Exercise data:
********************

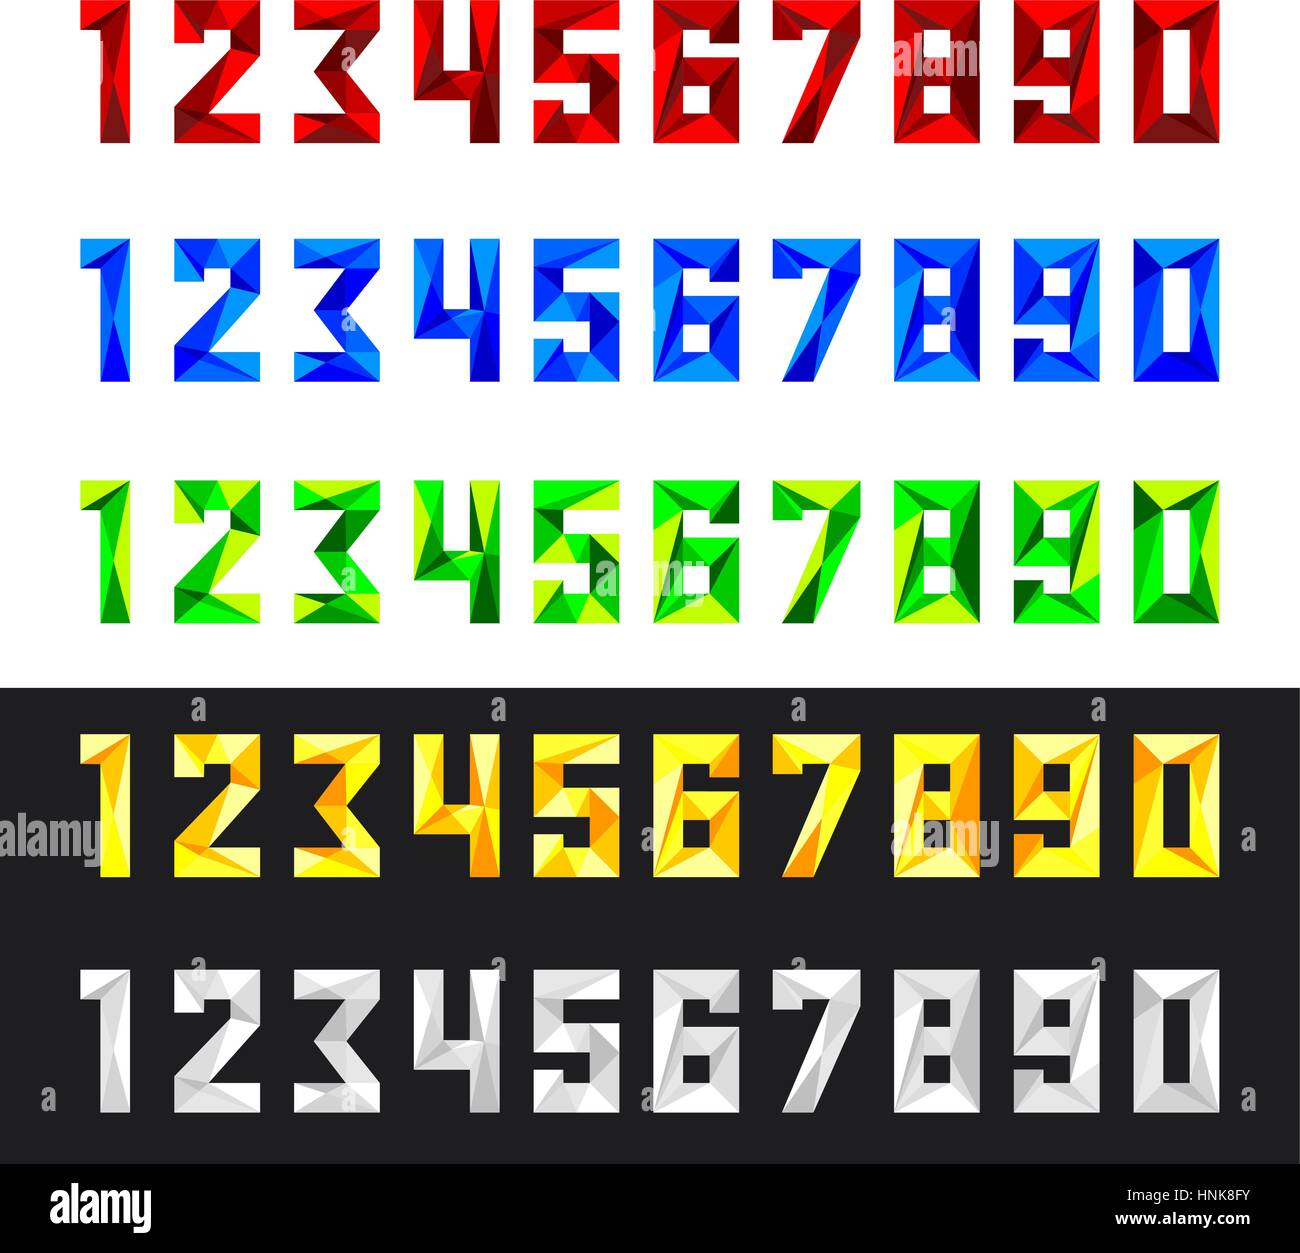 Les figures 1, 2, 3, 4, 5, 6, 7, 8, 9, 0 en format vectoriel. Ensemble de chiffres de 0 à 9 dans le style polygonal. Chiffre en cinq couleurs - rouge, bleu, vert, Illustration de Vecteur
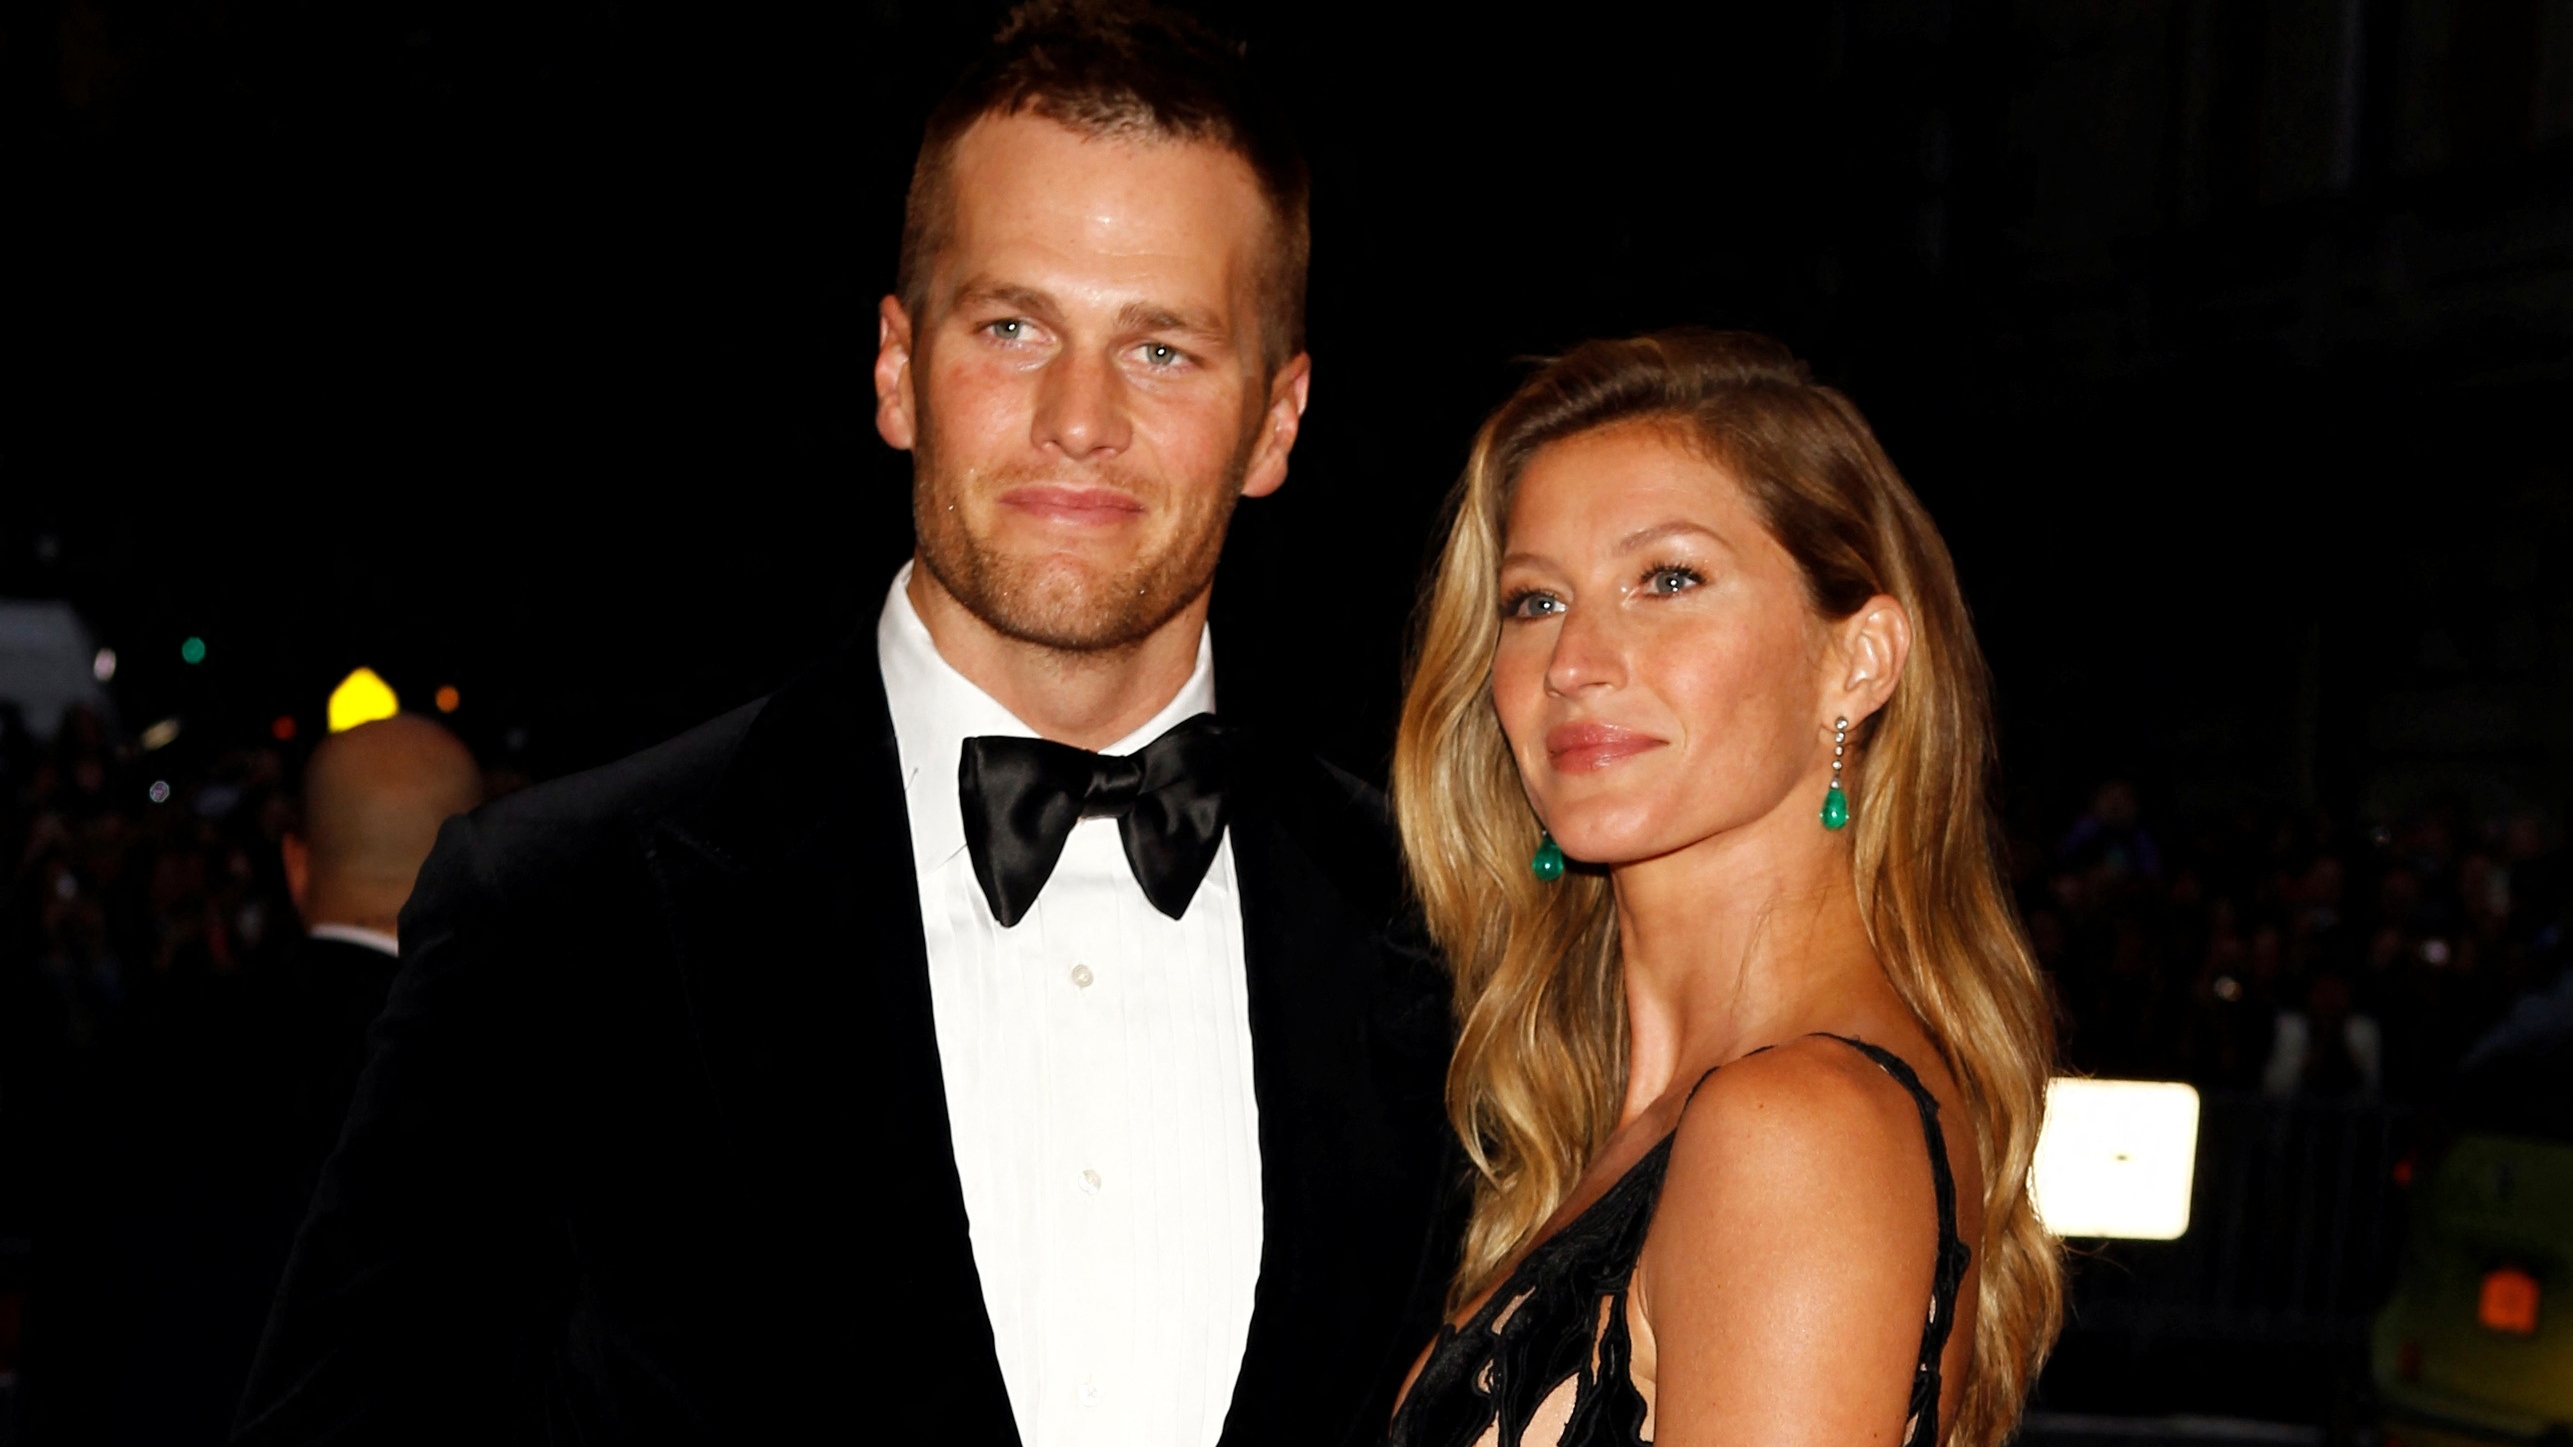 Tom Brady y Gisele Bündchen confirmaron su divorcio luego de 13 años de matrimonio - Infobae
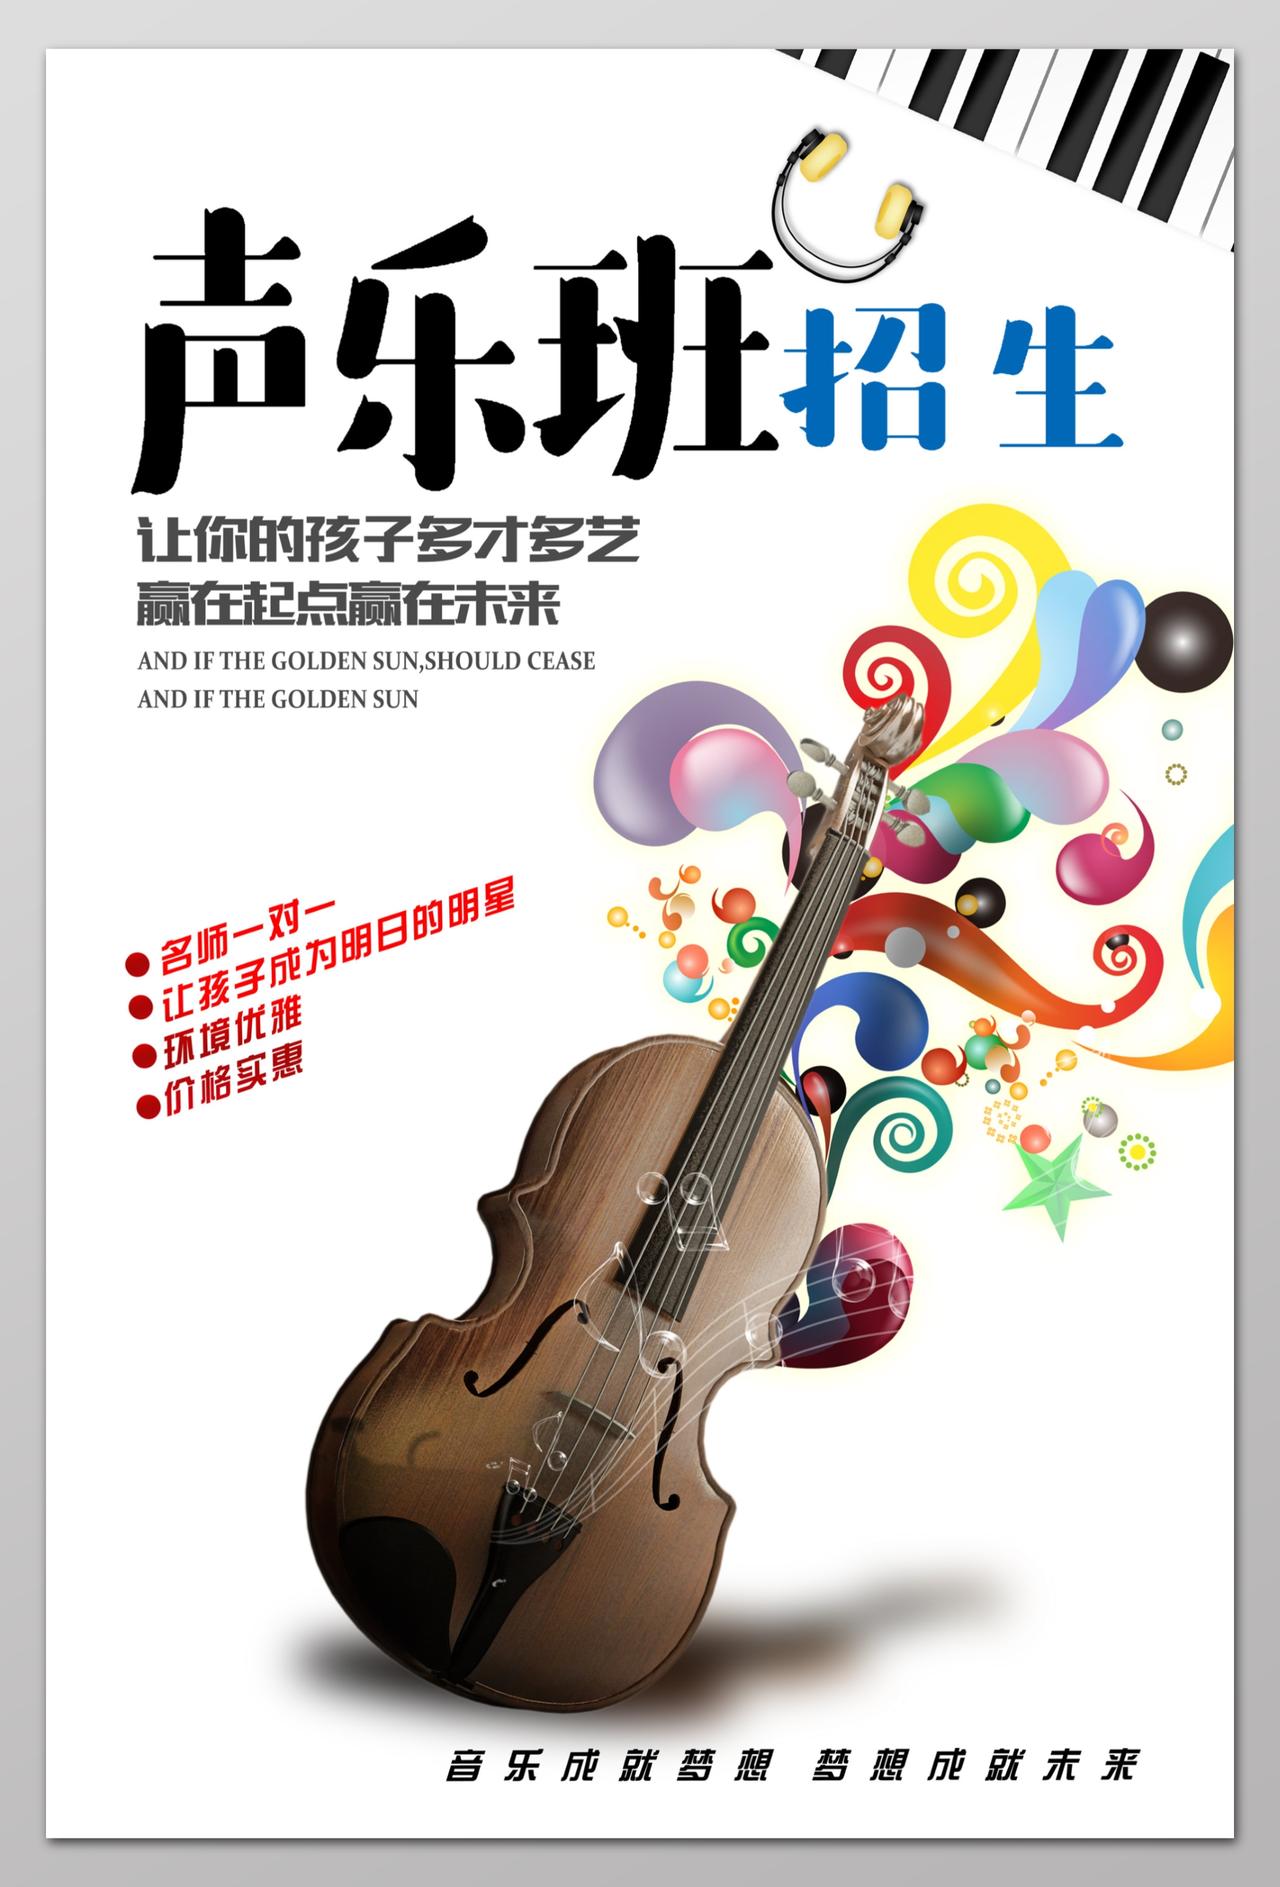 声乐班招生小提琴培训招生音乐艺术声乐海报设计

********************

Exercise instructions:
Write out all the material above exactly, with no image carried over.

The answer:
 Les figures 1, 2, 3, 4, 5, 6, 7, 8, 9, 0 en format vectoriel. Ensemble de chiffres de 0 à 9 dans le style polygonal. Chiffre en cinq couleurs - rouge, bleu, vert, Illustration de Vecteur
 Tom Brady y Gisele Bündchen confirmaron su divorcio luego de 13 años de matrimonio - Infobae
 声乐班招生小提琴培训招生音乐艺术声乐海报设计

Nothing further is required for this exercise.